What I have just written is, as I have noted above, a point that has been made repeatedly in response to the #BlackLivesMatter narrative. Surely the academics responsible for this latest Washington Post propaganda piece are familiar with the issue, and even if they weren’t, the obvious need to cross-check civilian killings by cops against crime data would have occurred to any honest, self-respecting analyst, especially to those who have claimed, in this same story, that “[f]or each killing, they gathered data on the person killed, the police officers involved and the circumstances” (emphasis mine). There is, in other words, simply no escaping the conclusion that these people are deliberately misleading you into believing that we live in a White supremacist nation where racist cops heedlessly kill unarmed Blacks.
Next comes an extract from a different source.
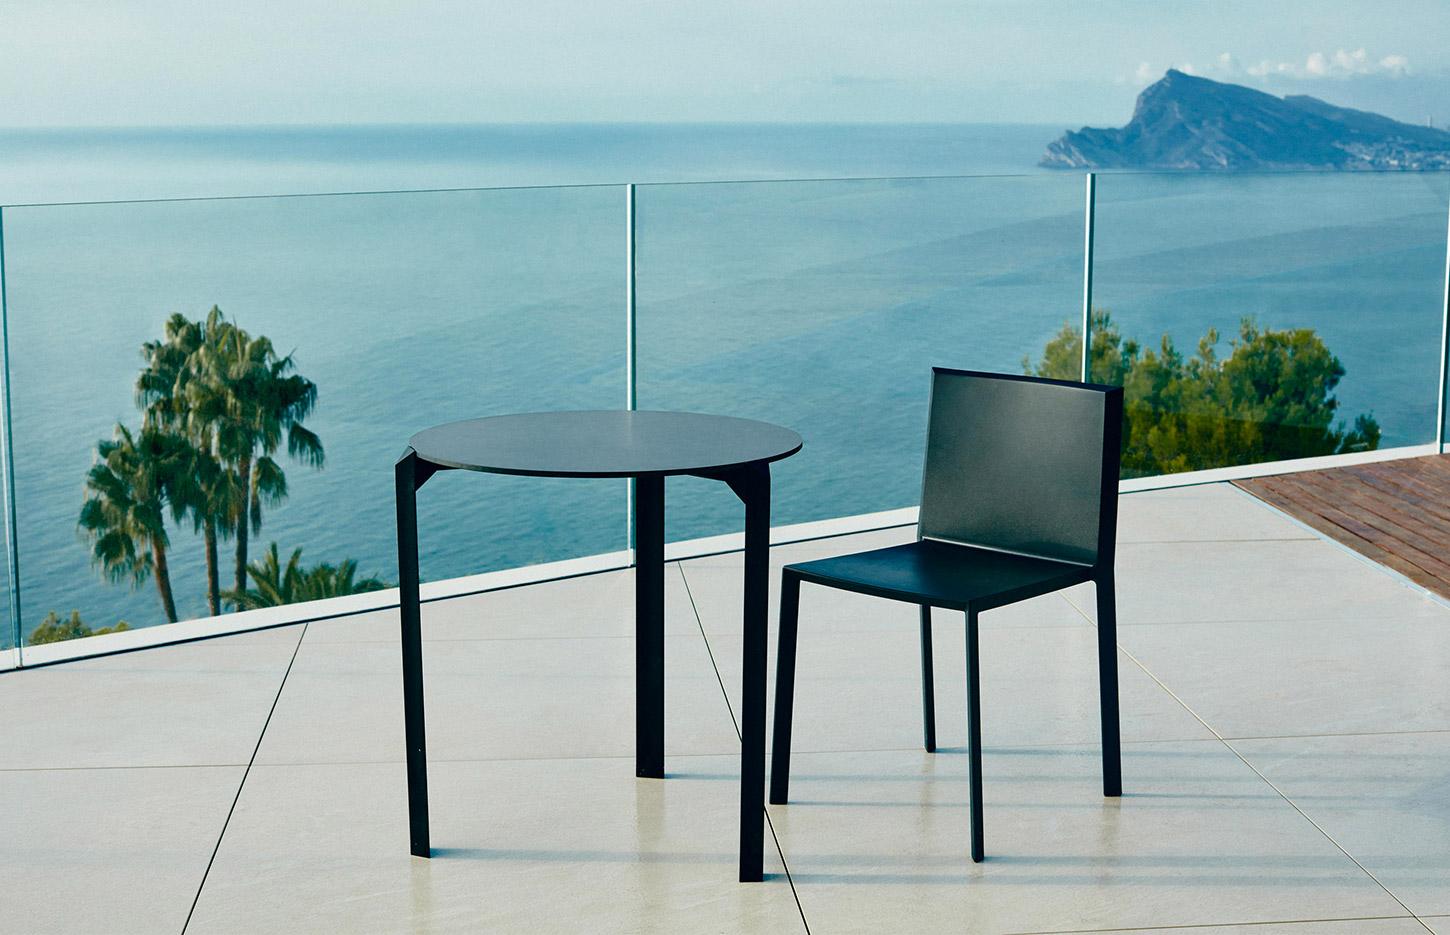 Table et chaise d\'extérieur rondes, carrées ou rectangulaires et empilables, gamme Kari - France Bureau

This obfuscation effort is not without consequences. Most directly, there is good reason to conclude it is resulting in cops pulling out of those same, allegedly “over-policed,” Black neighborhoods, yielding a predictable increase in crime that afflicts the Blacks who live in those neighborhoods the most. The tall tale of cops killing Blacks is also apparently wreaking havoc on the psychological health of Blacks. And most difficult to quantify and to contain is the harm to our collective political health, as the fake news of this form of rampant White supremacy gets heedlessly perpetuated, sowing real racial polarization and tearing the fabric of our nation apart.
The fundamental lie of cops killing Blacks at the core of #BlackLivesMatter, the inane NFL anthem protests and the divisive grandstanding of uninformed politicos must be combatted, and responsible academics, journalists, and concerned citizens must start speaking up.